MUMBAI, India, Jan. 2 -- Intellectual Property India has published a patent application (202541123122 A) filed by Malla Reddy (MR) Deemed to be University; Malla Reddy Vishwavidyapeeth; Malla Reddy University; Malla Reddy Engineering College For Womens; Malla Reddy College Of Engineering And Technology; and Dr. J. Anitha, Medchal-Malkajgiri, Telangana, on Dec. 6, 2025, for 'ai powered smart notification filtering system based on user behavior.'

Inventor(s) include Dr. J. Anitha; Mr. Valle Shyam Kumar; Dr. Ekta Maini; Dr. Nalli Vinaya Kumari; Bala Veeravatnam; and K. Narsimhulu.

The application for the patent was published on Jan. 2, under issue no. 01/2026.

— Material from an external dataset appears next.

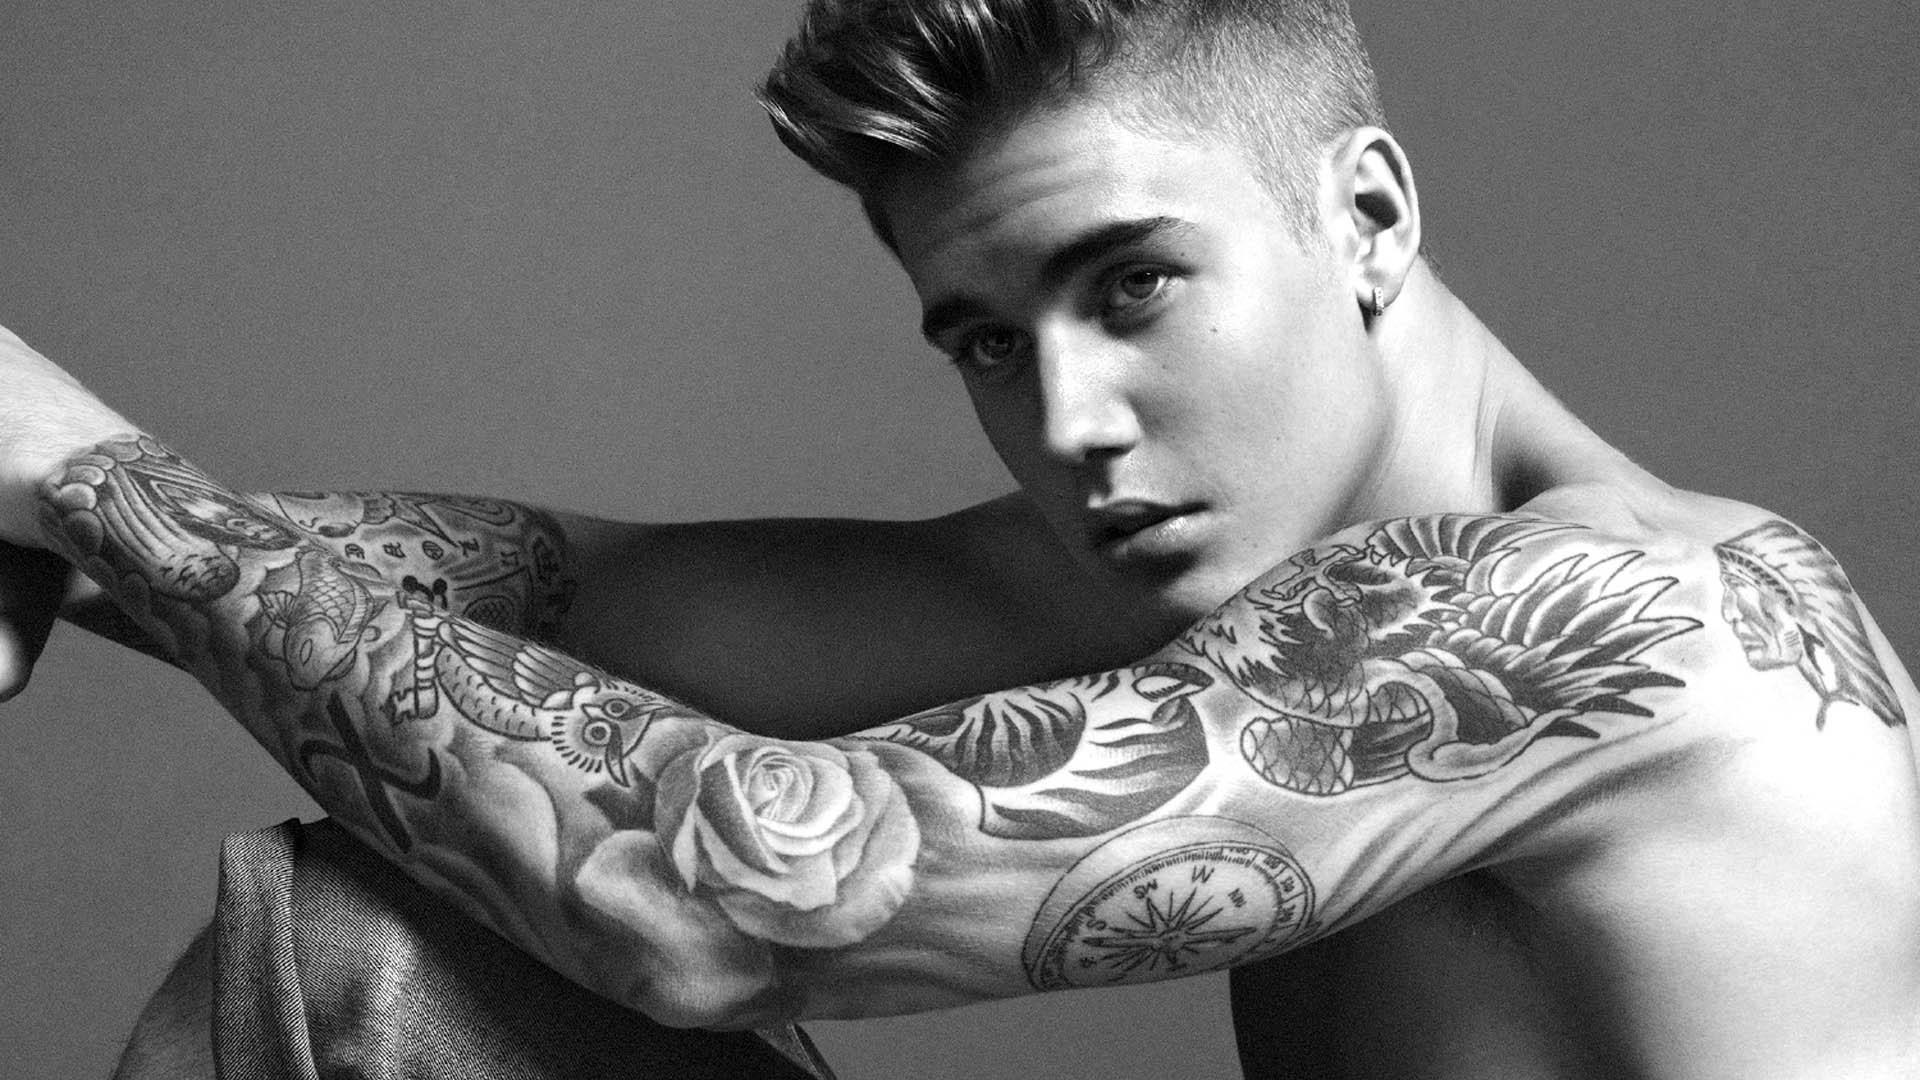 Justin Bieber HD Wallpaper 64 Images

According to the abstract released by the Intellectual Property India: "Digital devices come in a constantly-alert state and many of our devices interrupt important things from getting done and lower the quality of our attention overall. Manual notification settings are often inadequate because user preferences vary due to differences in activity, location and the time of day. The system proposed herein proposed an adaptive notification filtering framework which analyses the individual behaviour pattern to determine which alerts need to be given more attention immediately, and which alerts can be deferred without affecting the raw's goals. The framework is aware of factors such as how a user most often interacts with various applications such as when and how long they can interact with an application, how the user will respond to different categories of notification, and how their daily routine changes. Contextual elements such as ambient environment, currently active tasks, connected device status and scheduled events are also guiding the system's decisions. When a new notification arrives, an internal scoring model analyzes how relevant it is based upon the relevance of current conditions, in comparison with those in the past. Notifications with a higher importance are delivered instantly but low priority alerts can be grouped, muted, delayed, or silently archived. The system is therefore constantly adjusting the boundaries of its filtering, based on the course of behavior, so that it remains true even if habits change. This allows for less unnecessary interruptions and makes certain that important alerts are getting to the user without delay. The approach is suitable for mobile platforms, desktop systems, wearable devices, and IoT-based communication environments and presented a practical solution for management of digital distractions in professional, academic and everyday settings."

Disclaimer: Curated by HT Syndication.